▶ [To do]
Print the listing below again, exactly. Skip the pictures.

▶ [Given data]
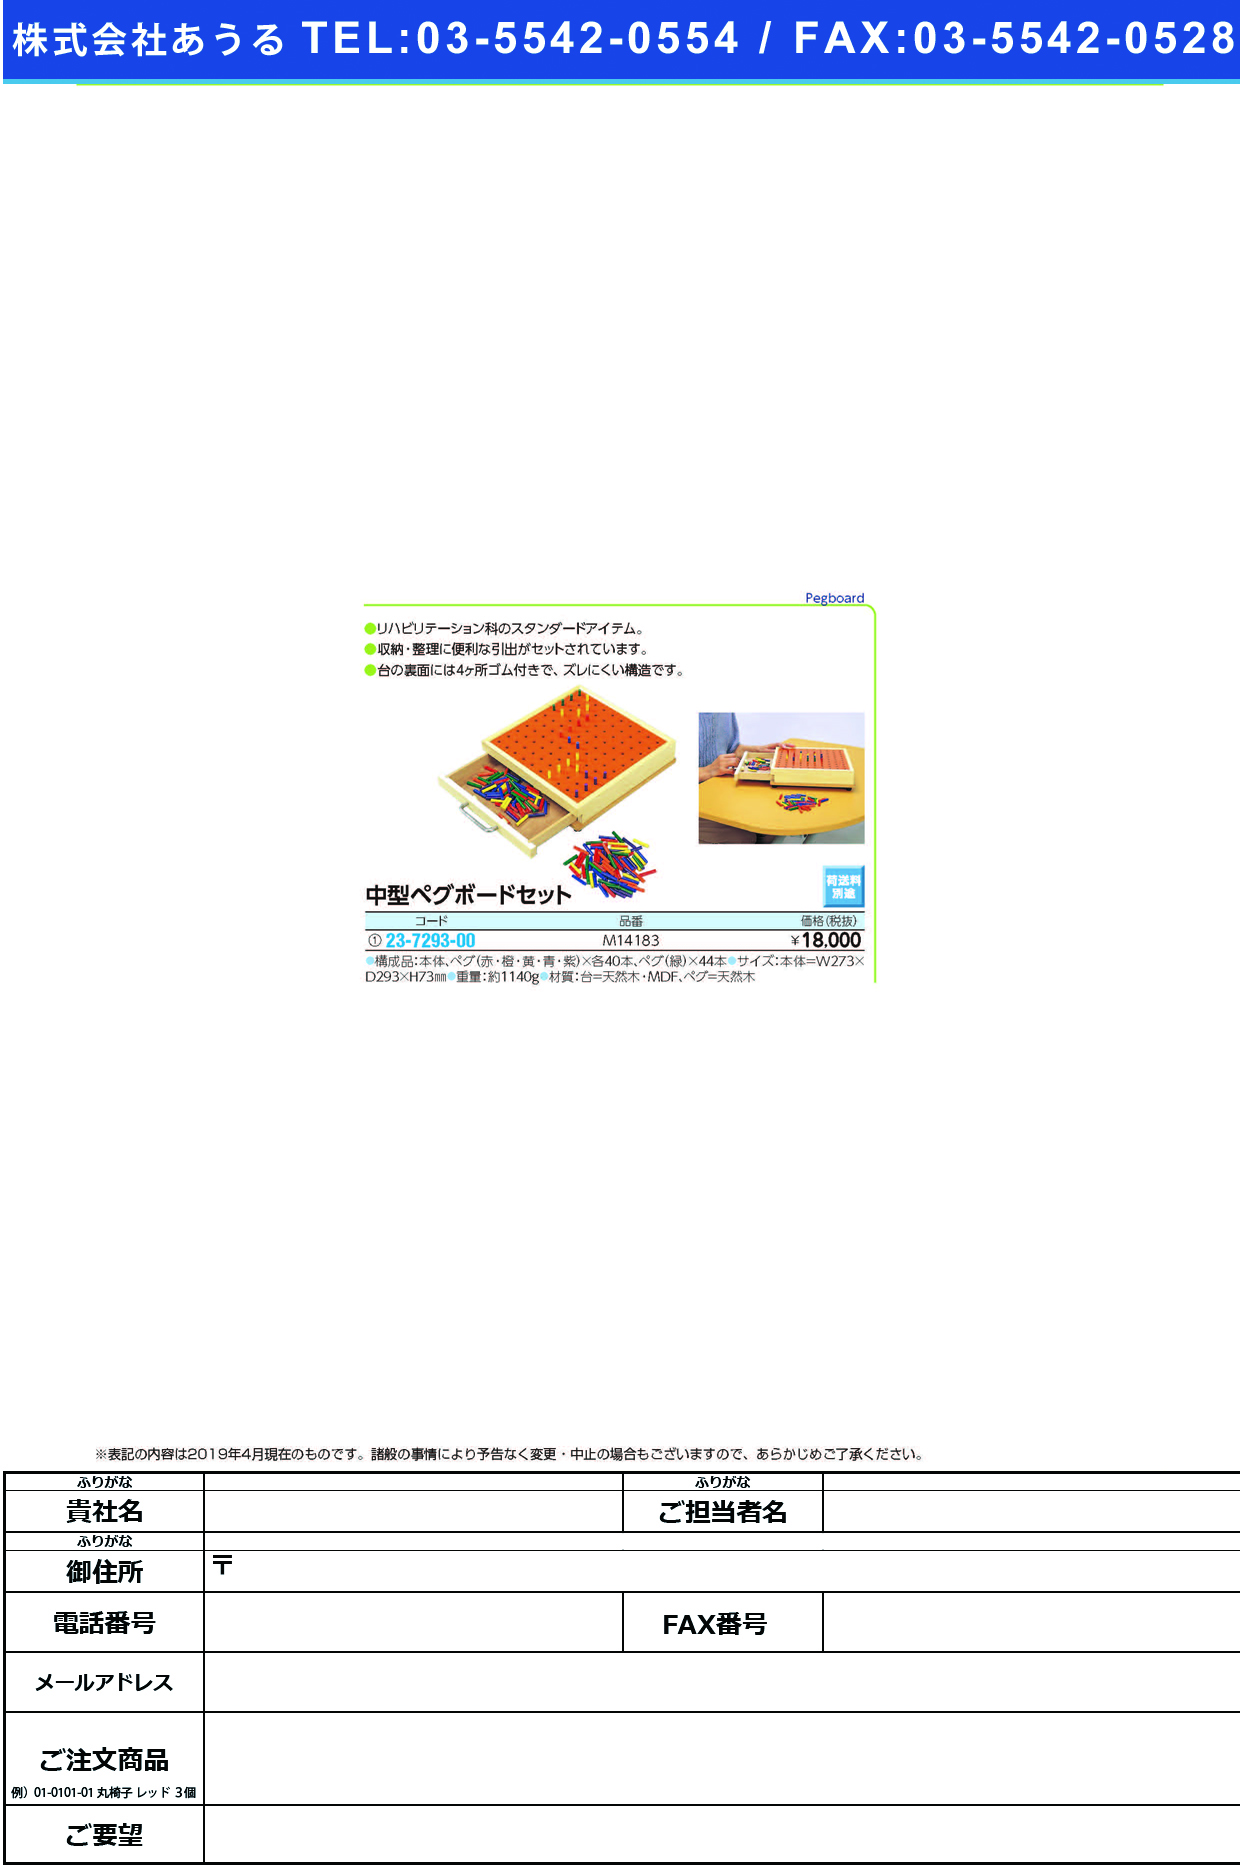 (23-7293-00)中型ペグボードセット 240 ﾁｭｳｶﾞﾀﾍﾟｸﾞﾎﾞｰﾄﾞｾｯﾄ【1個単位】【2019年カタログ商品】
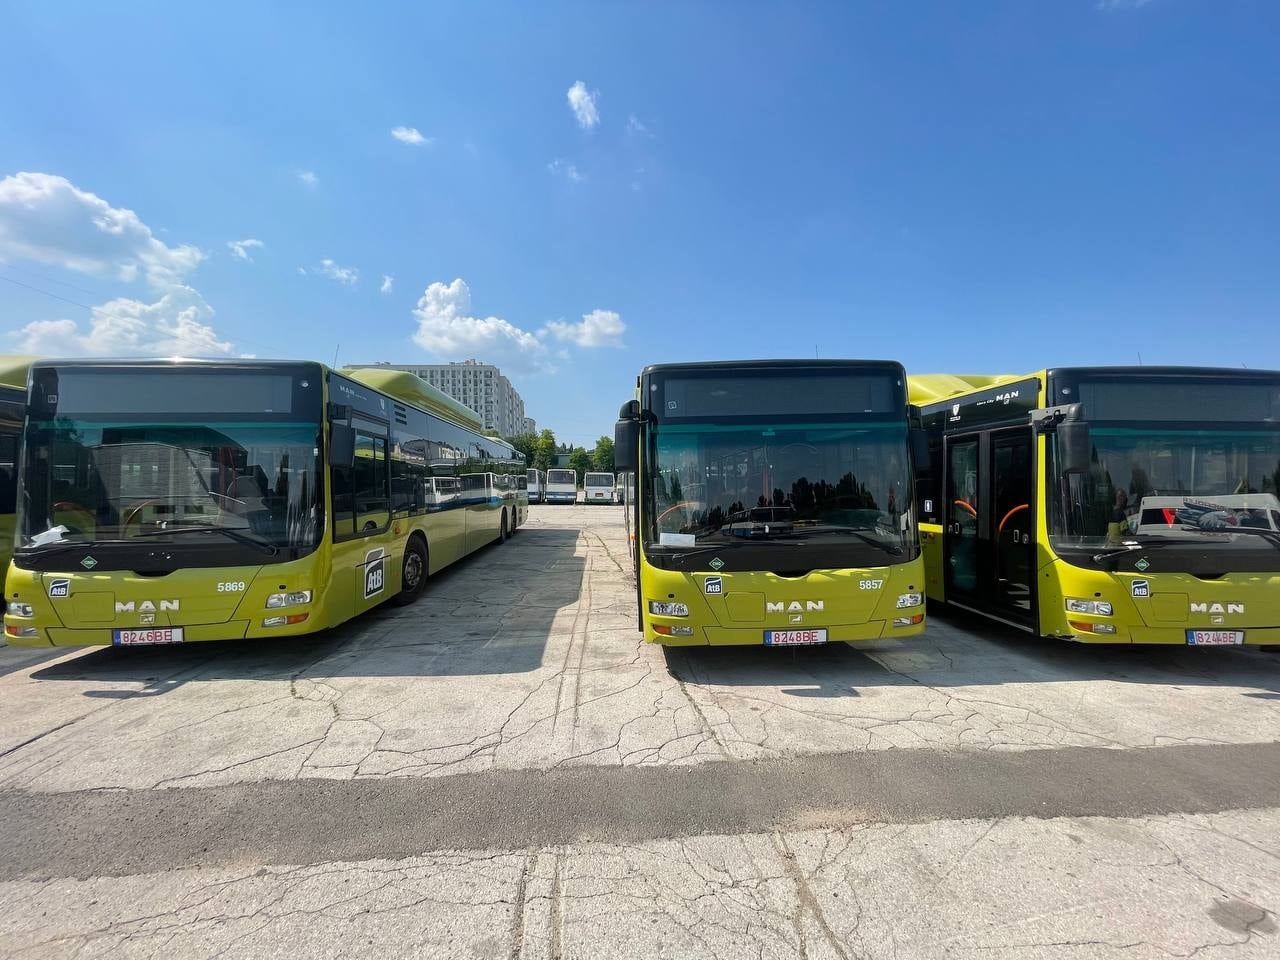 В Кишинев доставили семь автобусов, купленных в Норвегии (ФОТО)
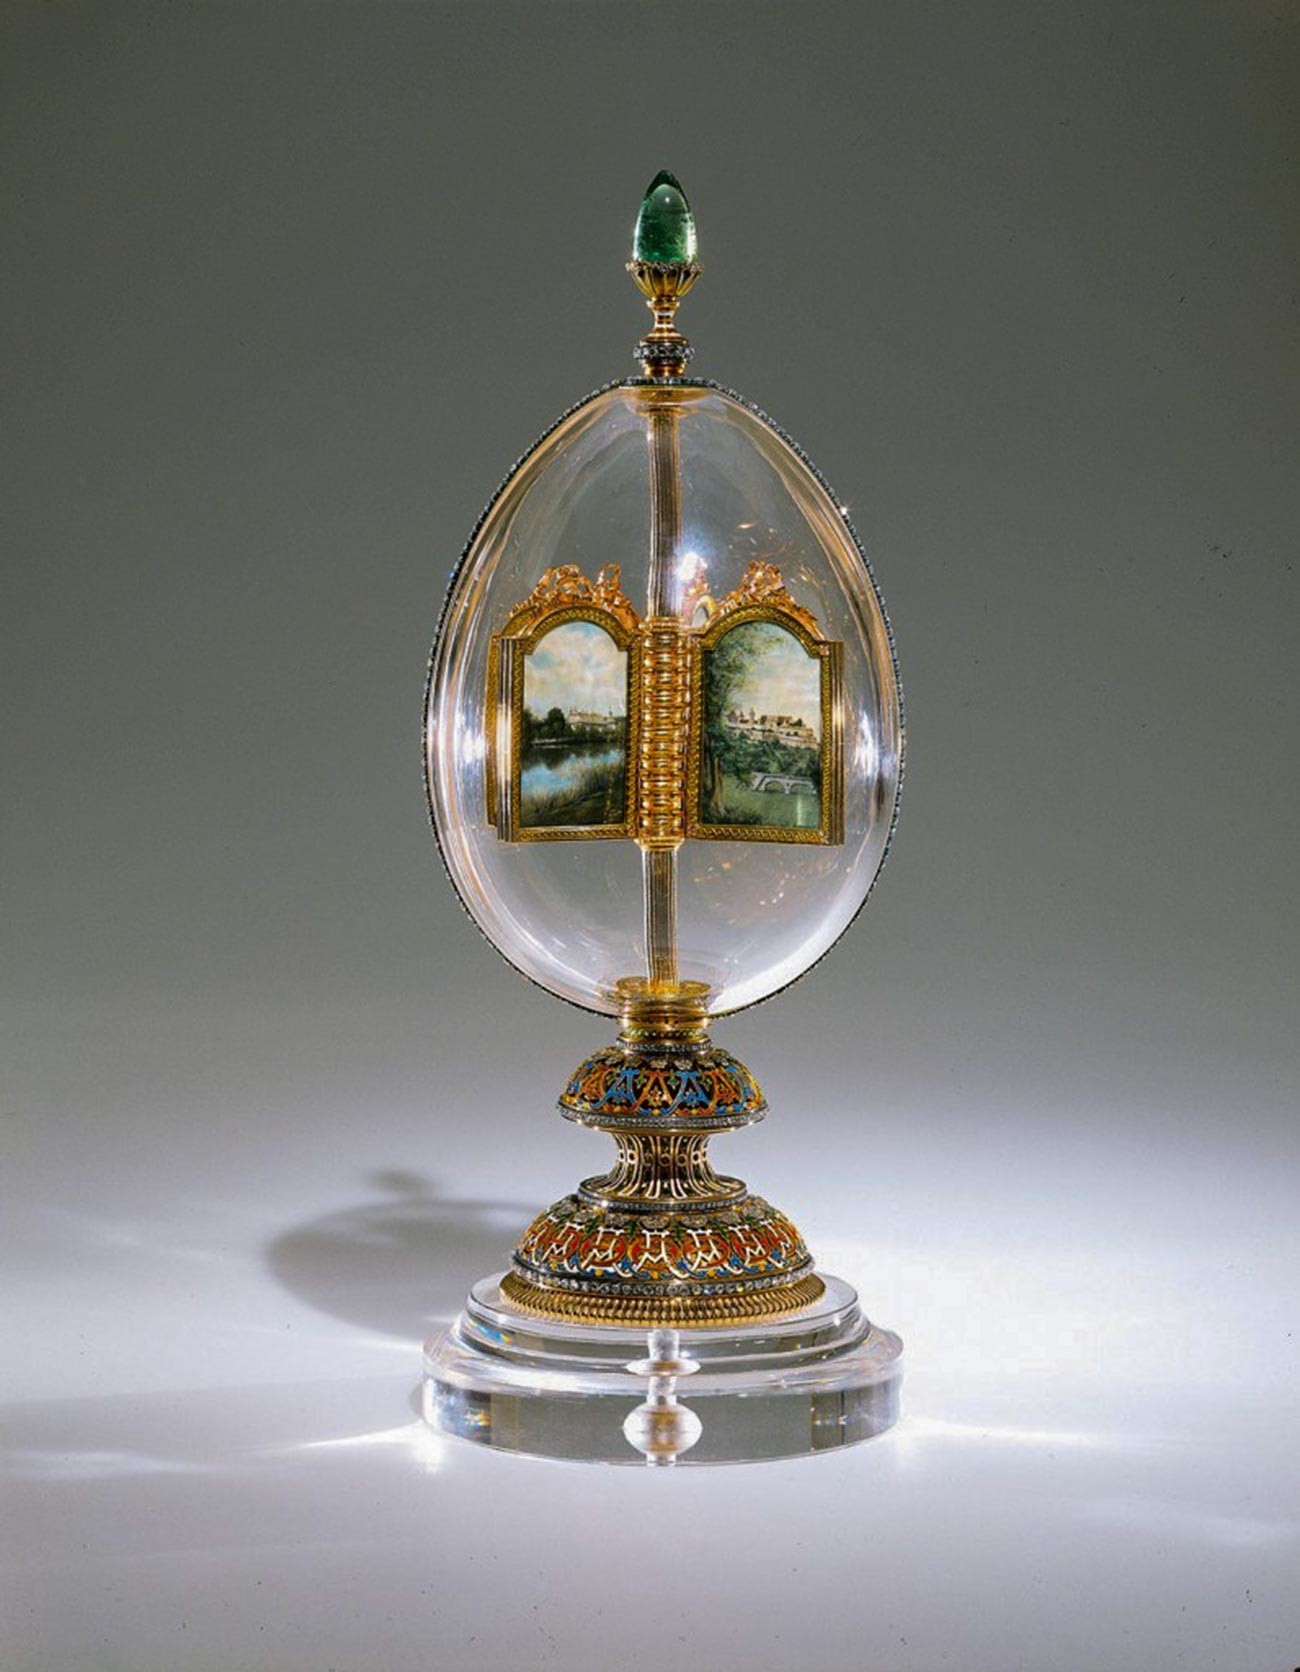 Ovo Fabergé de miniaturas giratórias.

▶ [Written solution]
 (23-7293-00)中型ペグボードセット 240 ﾁｭｳｶﾞﾀﾍﾟｸﾞﾎﾞｰﾄﾞｾｯﾄ【1個単位】【2019年カタログ商品】
 В Кишинев доставили семь автобусов, купленных в Норвегии (ФОТО)
 Ovo Fabergé de miniaturas giratórias.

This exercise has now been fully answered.